● Your task
All the data should be repeated exactly. Any image in it is left out.

● Information supplied
• • • • • • •

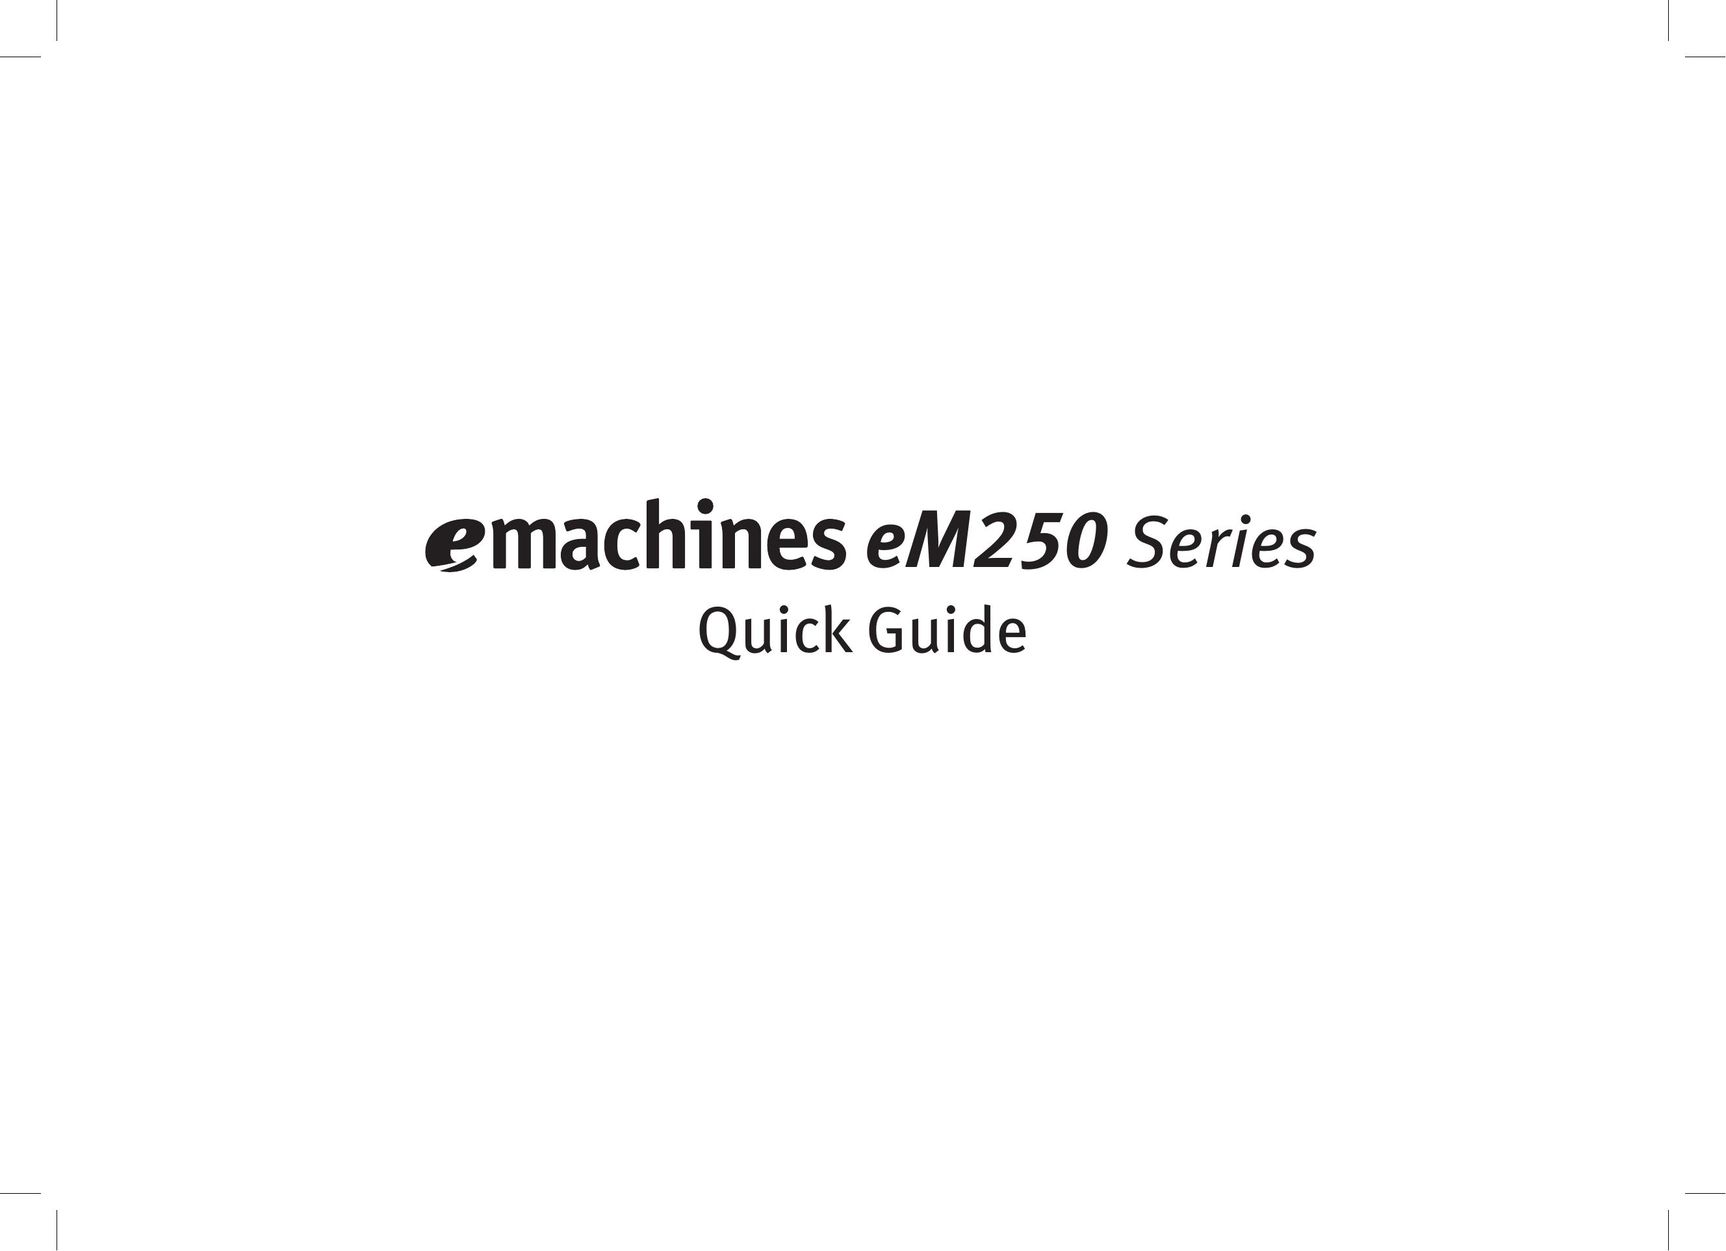 eMachines eM250 series Laptop User Manual
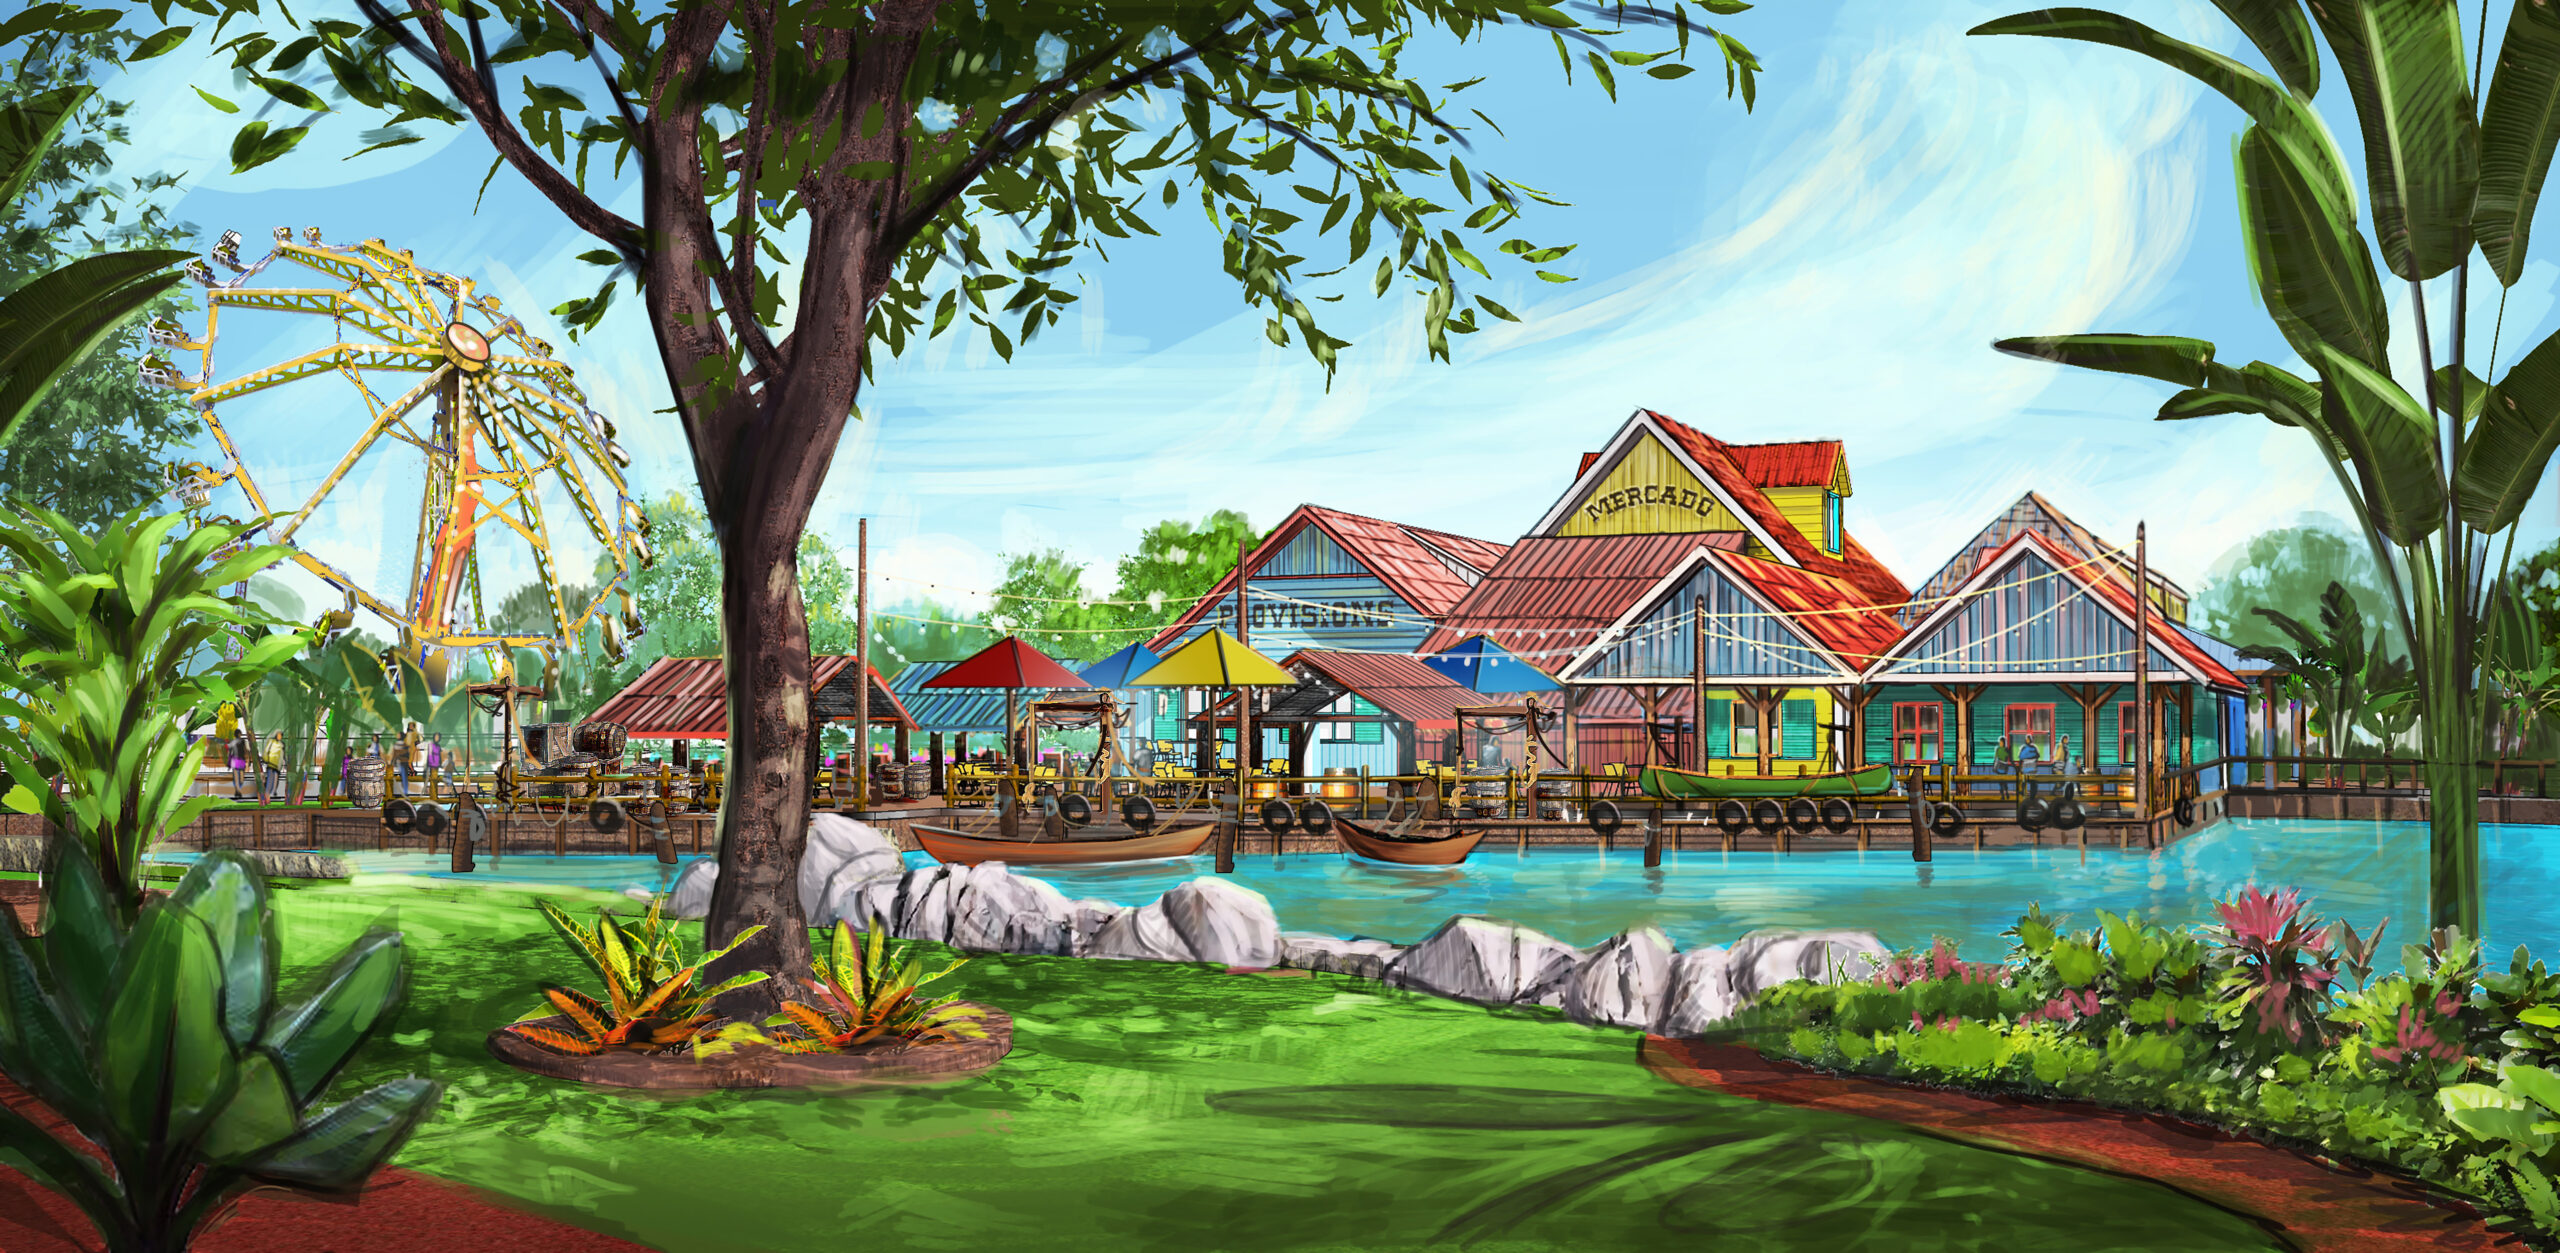 Kings Island to add themed area “Adventure Port” for 2023 season
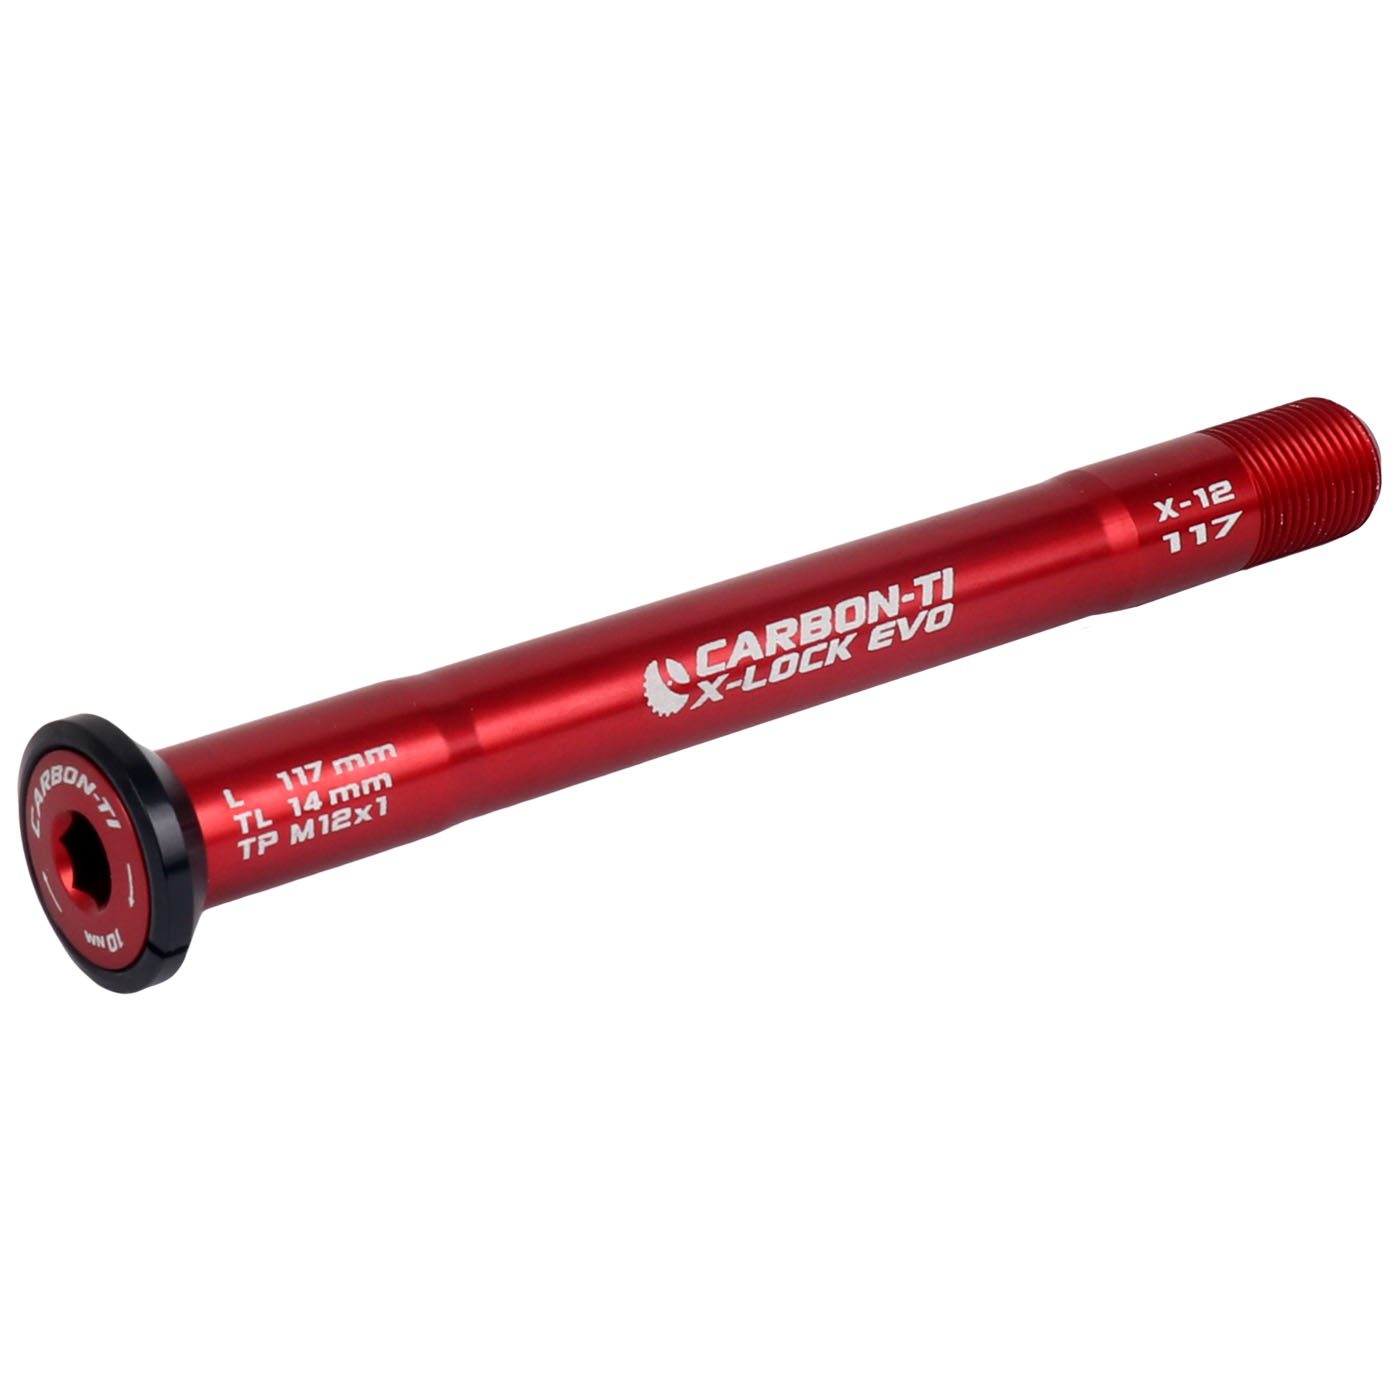 Productfoto van Carbon-Ti X-Lock EVO Thru Axle - 12x100mm - X-12 - M12x1.0mm - Length 117mm - red

• • • • • • •

● Exercise solution
 eMachines eM250 series Laptop User Manual
 Kings Island to add themed area “Adventure Port” for 2023 season
 Productfoto van Carbon-Ti X-Lock EVO Thru Axle - 12x100mm - X-12 - M12x1.0mm - Length 117mm - red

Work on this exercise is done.